SpaceX is planning a Starlink delivery mission from Cape Canaveral Tuesday night, the primary of two planned Falcon 9 launches in lower than 48 hours. Liftoff from pad 40 is scheduled for 11:01 p.m. EST (0401 UTC).
Near-perfect weather is forecast for the launch of 23 more satellites for SpaceX’s Starlink web service. U.S. Space Force meteorologists on the forty fifth Weather squadron said Monday there was a greater than 95-percent likelihood of acceptable weather for launch.
It’s going to be the primary launch from Space Launch Complex 40 since SpaceX attached a crew access arm to a recently-constructed tower because it upgrades the ability to handle crew and cargo Dragon flights.
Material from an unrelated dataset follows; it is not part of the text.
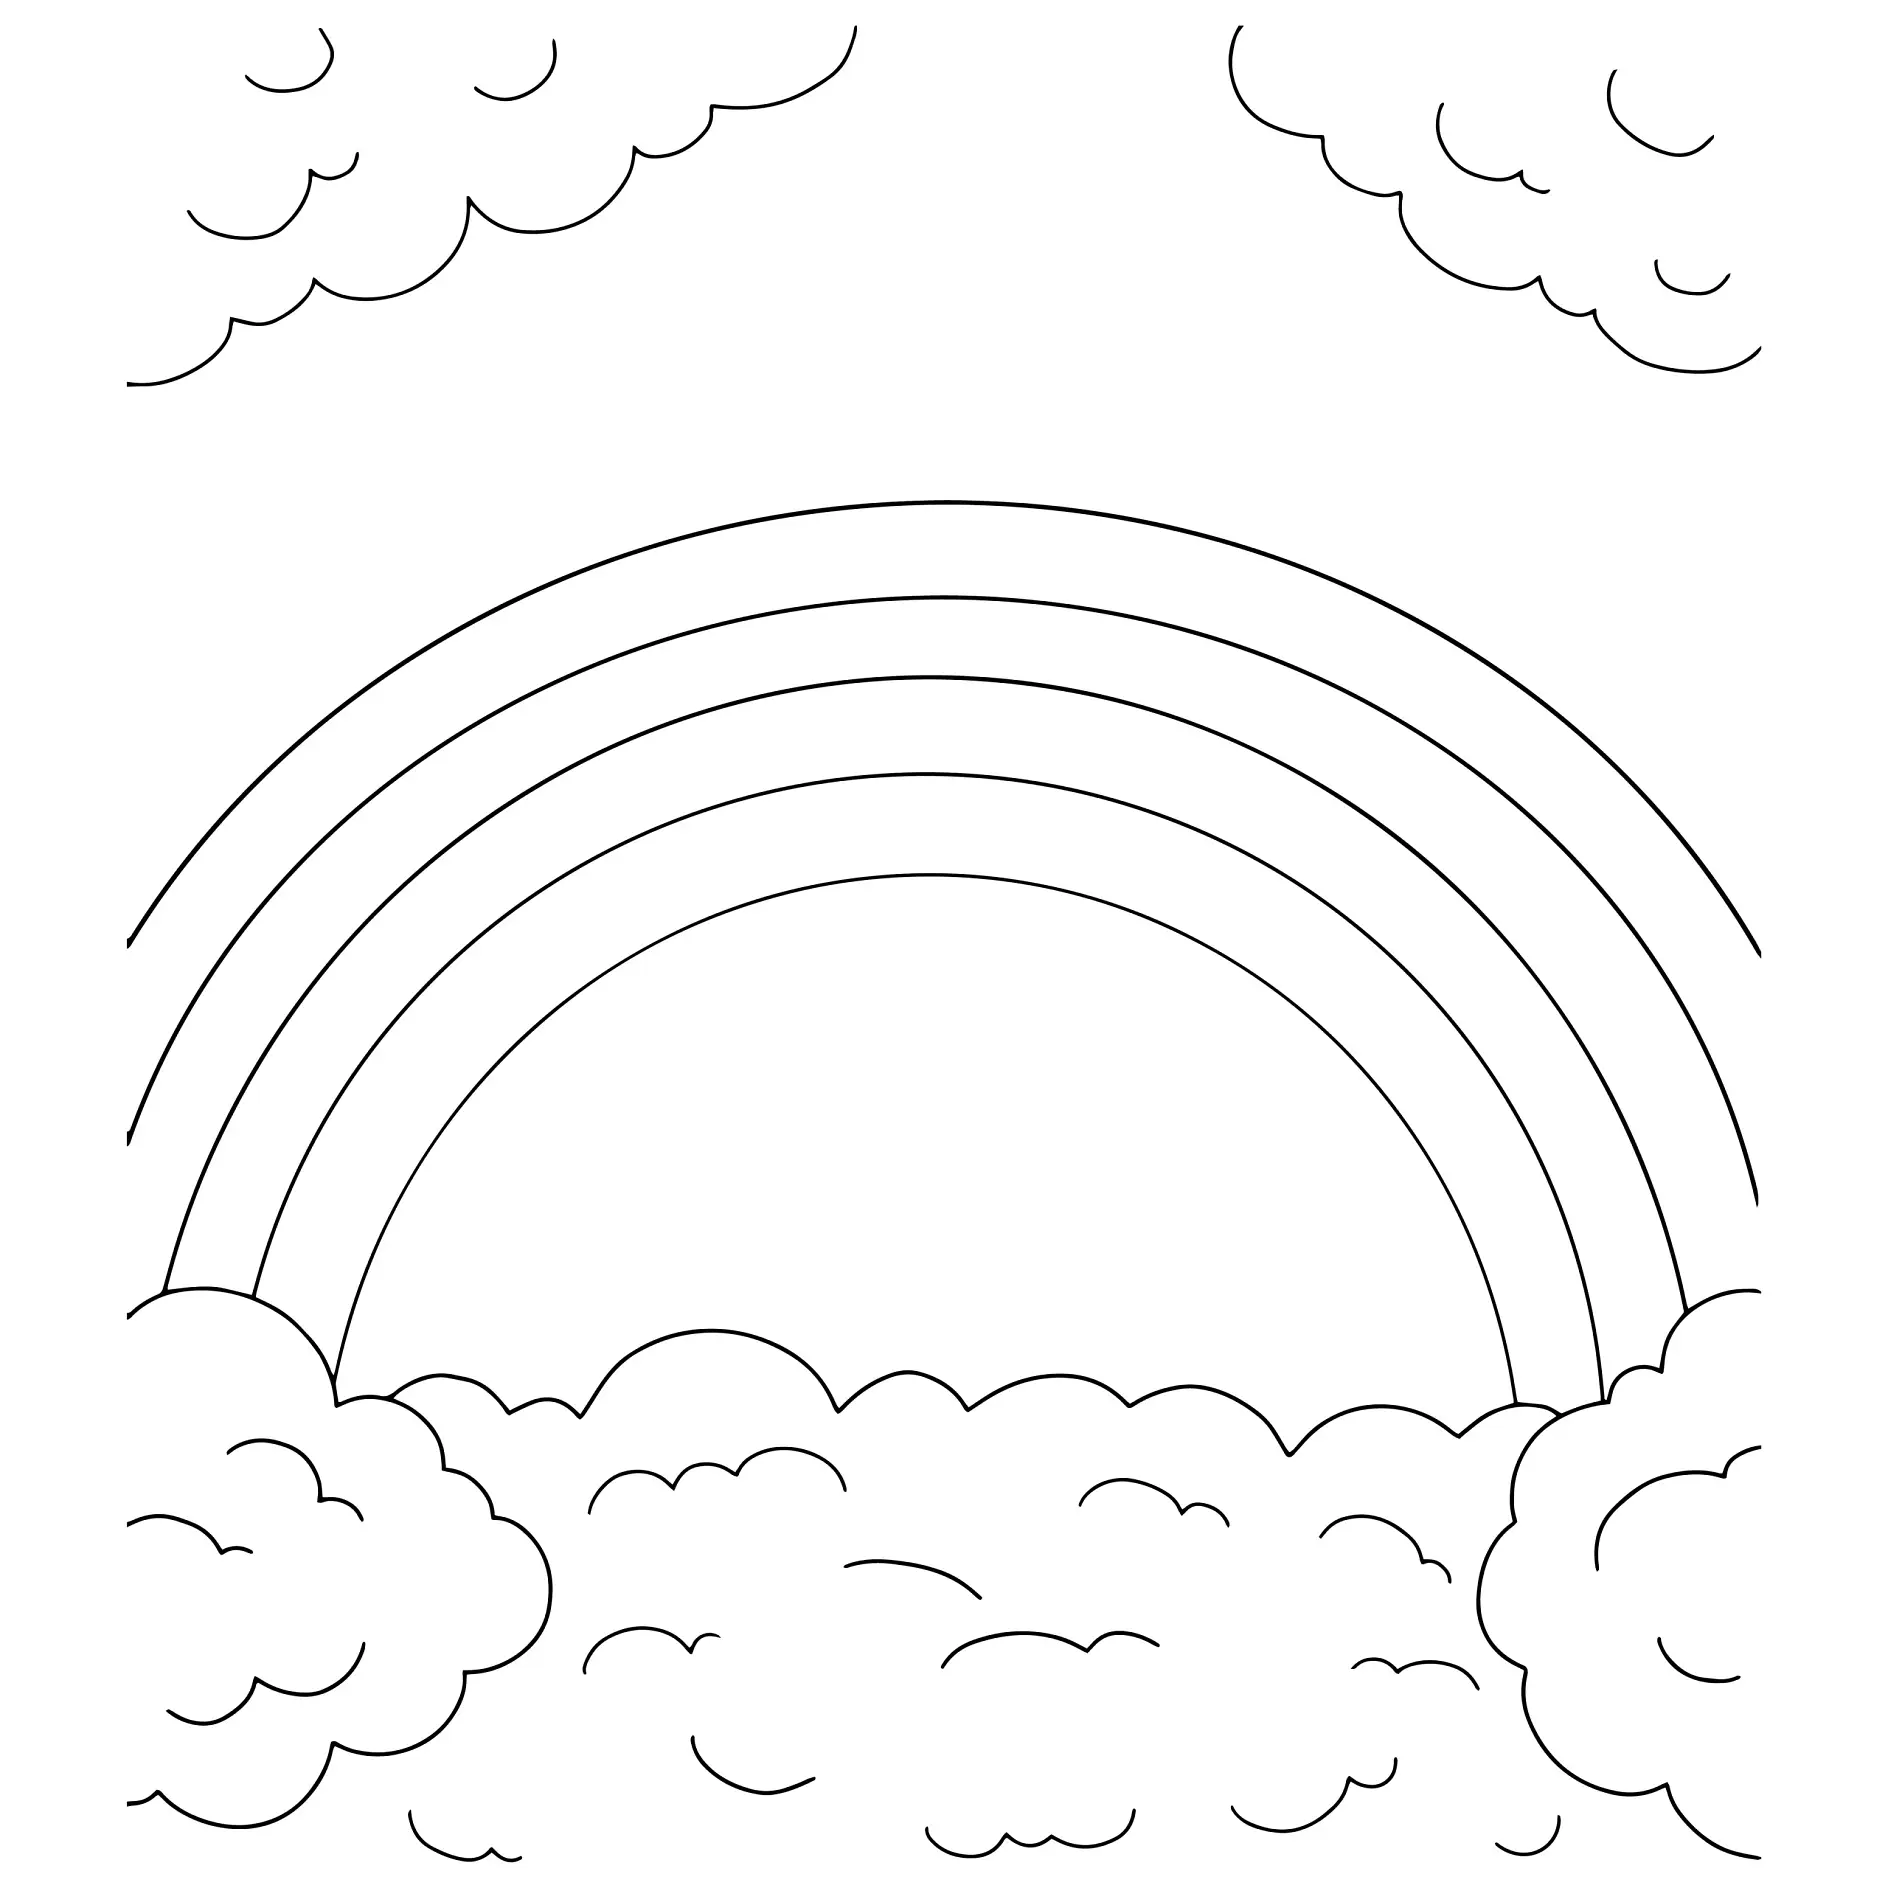 Rainbow on clouds. Coloring book page for kids. Cartoon style. Vector illustration isolated on white background.

Because the Starlink mission gets able to fly, at NASA’s neighboring Kennedy Space Center, SpaceX can be poised to roll out one other Falcon 9 with a Cargo Dragon for an area station resupply mission, scheduled for liftoff on Thursday at 8:28 p.m. EST (0128 UTC).
On the opposite side of the country at Vandenberg Space Force Base, California, one other Falcon 9 was being prepared for a Thursday launch of the Transporter 9 mission nevertheless it has now slipped two days to Nov. 11. It’s going to carry a mess of small satellites on a ride-share mission.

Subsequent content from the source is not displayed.